A steady, rhythmic spill of rain is noticeably heard as the audience takes its seats. Onstage, a weathered suitcase is emphasised in a dusty saucer of light. A turbulence is presaged. And writer/performer Jan Noble unequivocally brings the storm with him as he roars on stage in a thunderous bellow and wail of soul-deep anguish and befuddlement. He is the individual and universal simultaneously, inextricably linked, on a Dantean journey across the spirit of land, country and border, a channel of Whitman’s Body Electric. At times, Noble’s ferocity is almost too much for the modest room above Islington’s Hope & Anchor pub to contain (I half expected the windows and doors to blow out under the relentless vocal attack). Even Noble’s prodigious streams of spittle take on the element of arias, beautiful and lyrical projected displays.

Body 115 refers to the mortuary tag given to an unknown male corpse, one of 31 victims of a catastrophic fire that tore through the ticket hall of King’s Cross station in 1987, and the last to be ostensibly identified 16 years later as itinerant Scottish gentleman Alexander Fallon. A subtle shift to a muted orange light suggests the flame of this conflagration. Noble uses this forlorn, adrift figure (a “vapour”, he explains) as a launch to explore themes of decay and resurrection, home and displacement, prison and escape. There is the frustrated burden of “the obligation of body”; blood and viscera of accumulated strife and conflict is embedded in the soil (its “capillaries” transmit aeons of information); the buried and covered-over continue to vibrate. Figures from the literary, artistic and historical world haunt the landscape, contributing to collective myth and belief. Fact & fiction coalesce into an imagined reality. A continual cycle of discovery, recovery and loss ensues. Some research prior to attendance is useful if not mandatory, as Noble fiercely embraces his abstract aesthetic, favouring the poetic over the linear. He offers no explanatory structure and is oblique in his references. 

It’s impossible, though, not to be impressed by Noble’s absolute visceral command of the material. At times an incantation, at others a lamentation, his voice soars across dimensions and time, wind-swept, waterlogged and enflamed. There are swells and contractions, overtures and withdrawals, a sweep of musicality.
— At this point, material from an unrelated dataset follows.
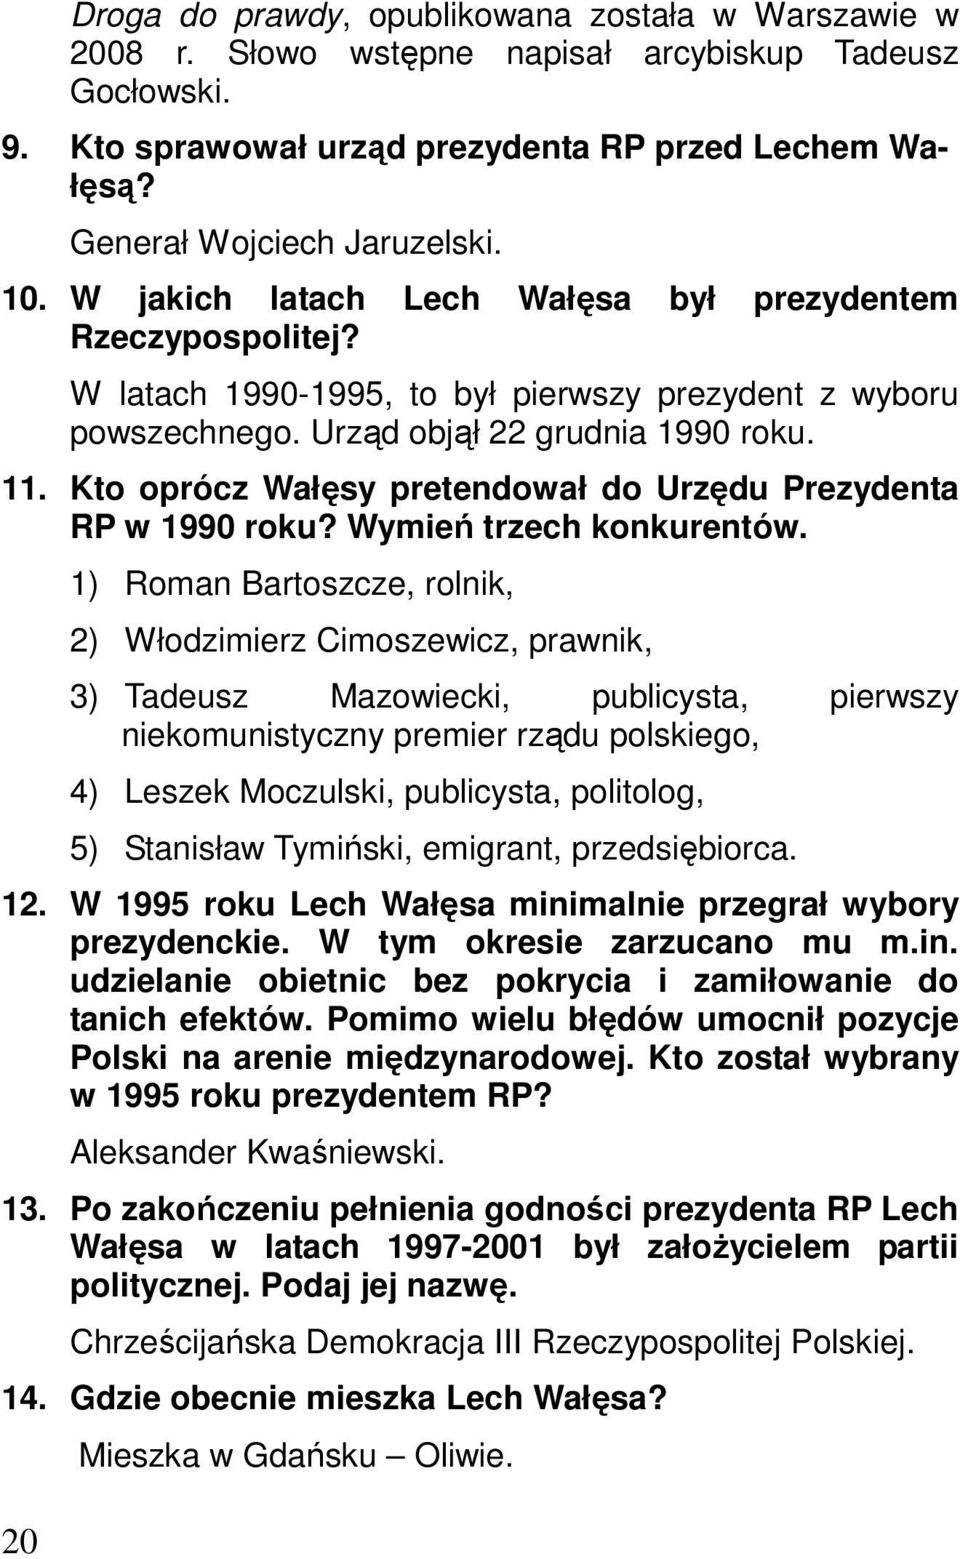 11. Kto oprócz Wałęsy pretendował do Urzędu Prezydenta RP w 1990 roku? Wymień trzech konkurentów.
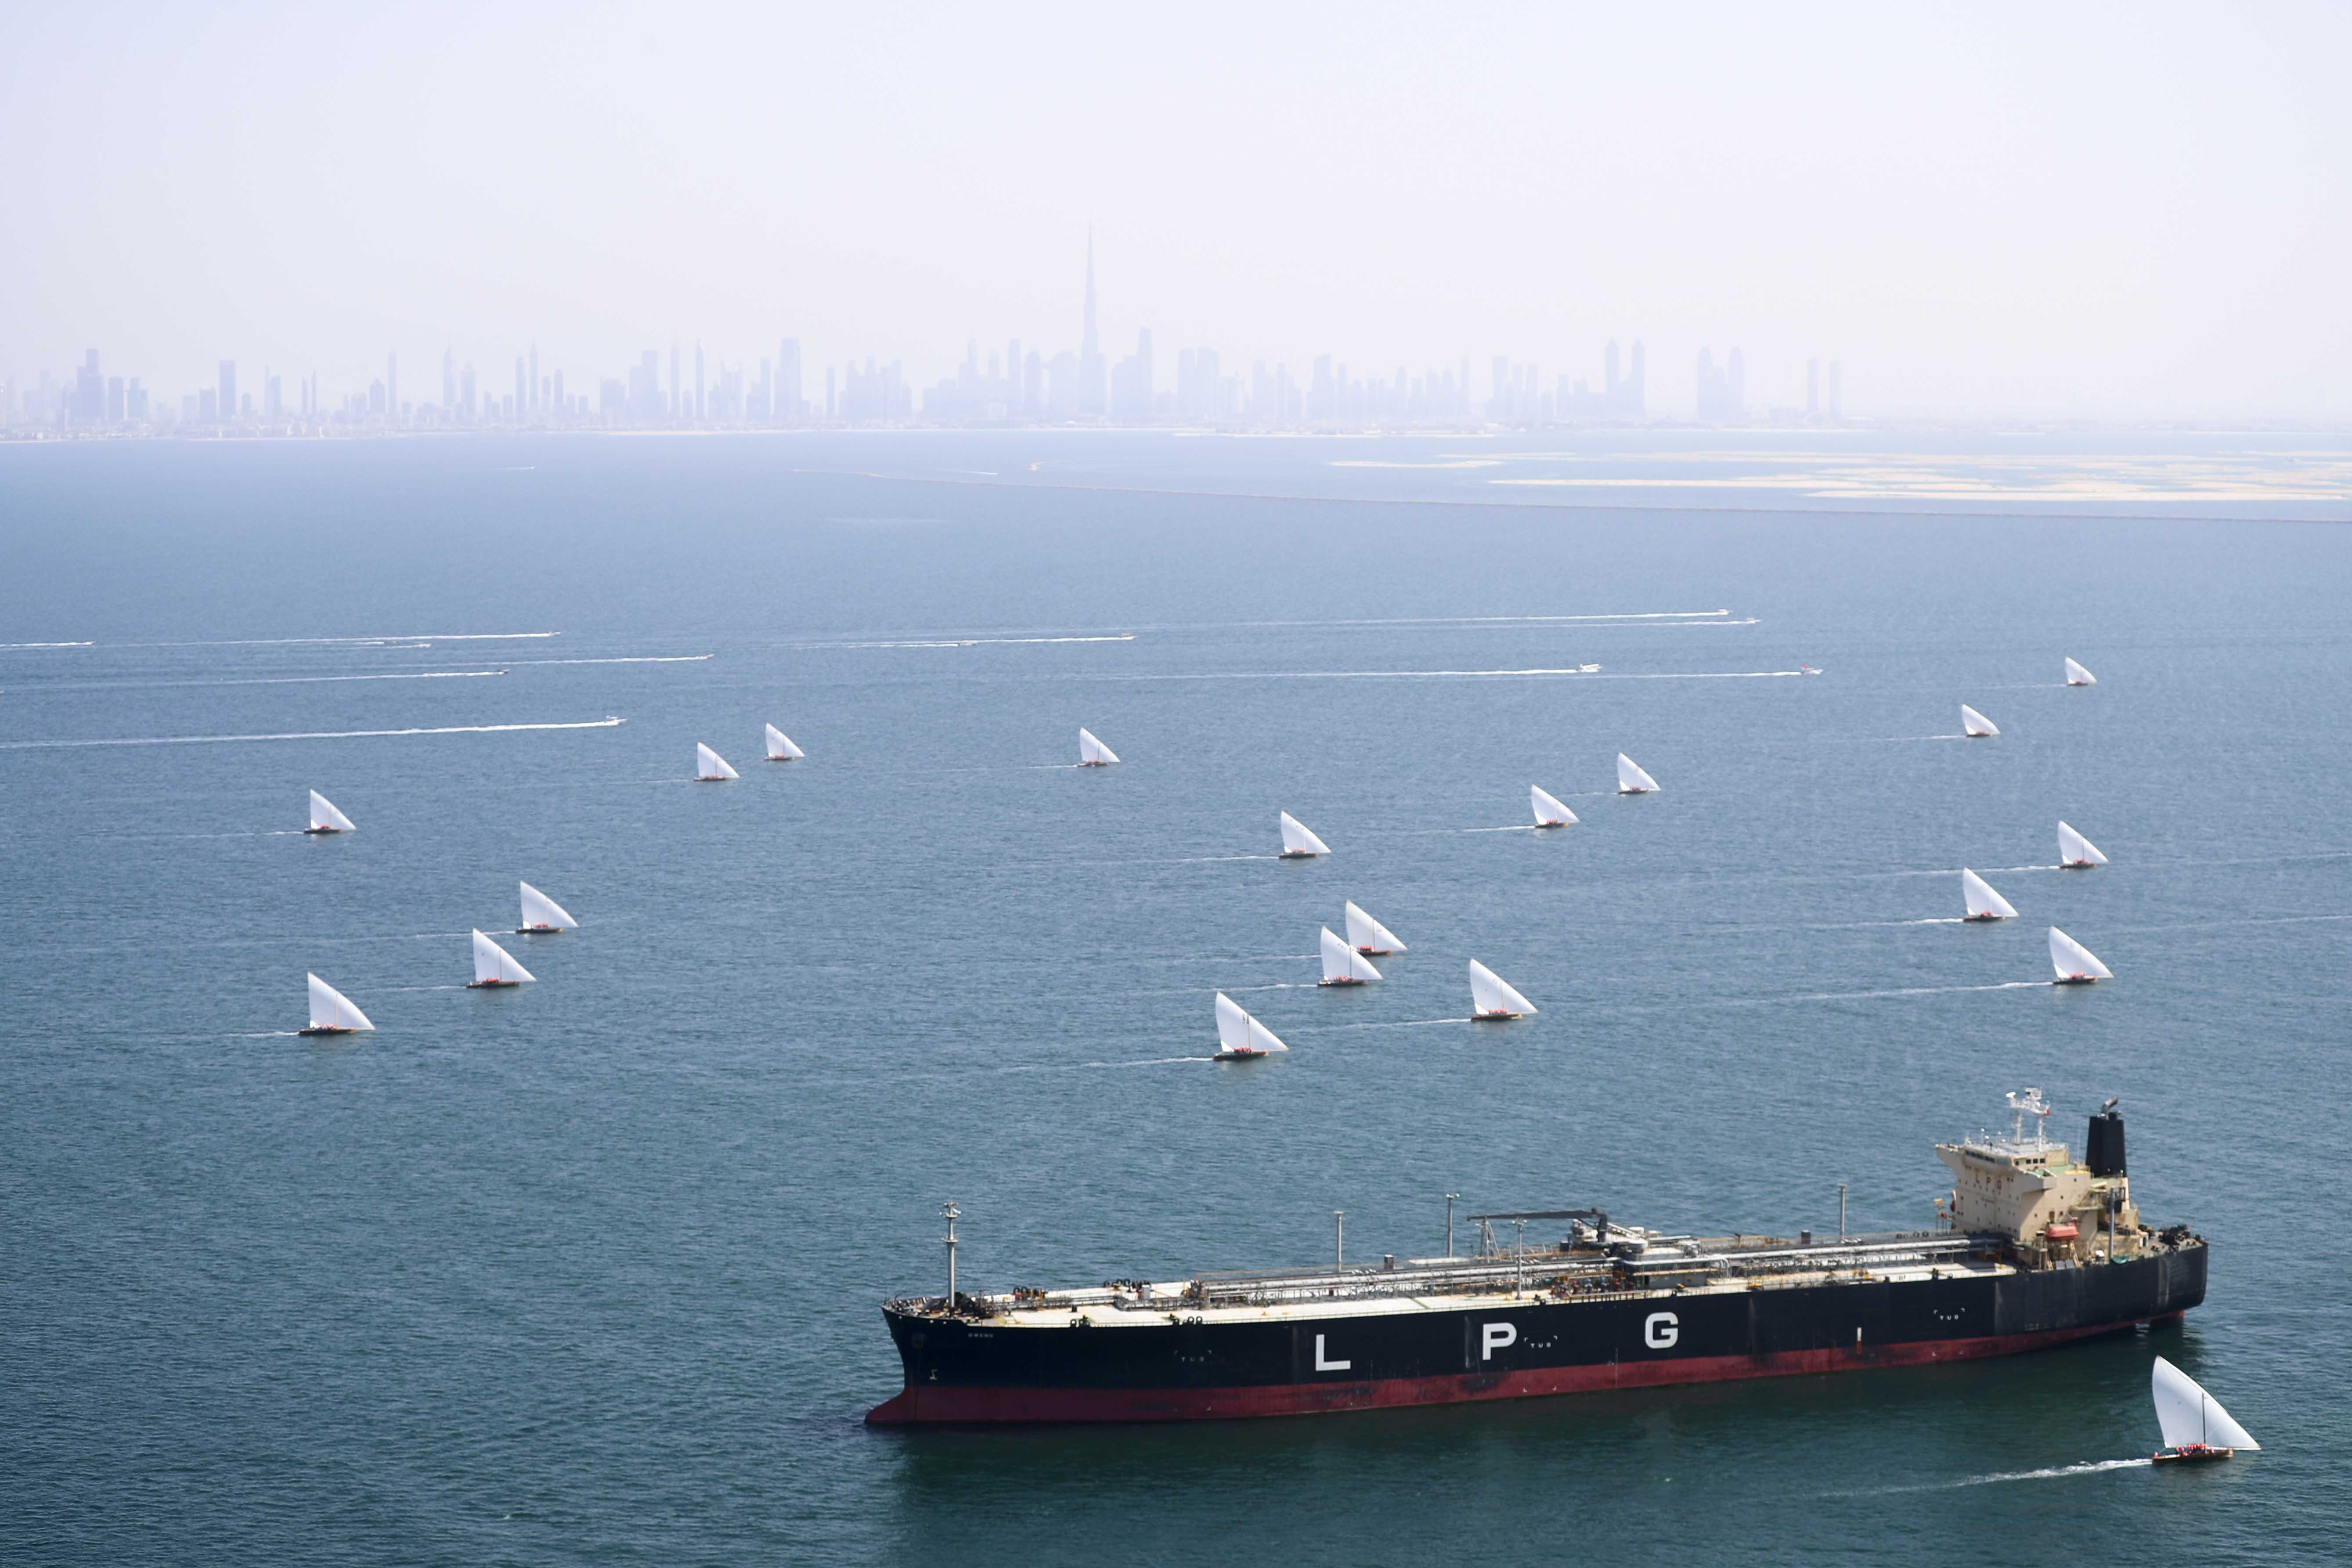 سباق القوارب الشراعية 43 قدما يزين شواطئ دبي السبت

The quieter moments, Noble situated on the travel case, enacting the incremental breakdown of a relationship, are among the evening’s loveliest set against the greater bluster. Speaking in a more quotidian volume, he vulnerably confesses he is without “sufficient funds”, incapable of offering the personal investment necessary for successful connection, a private failure that propels him into the expanse of an equally confounding universe. 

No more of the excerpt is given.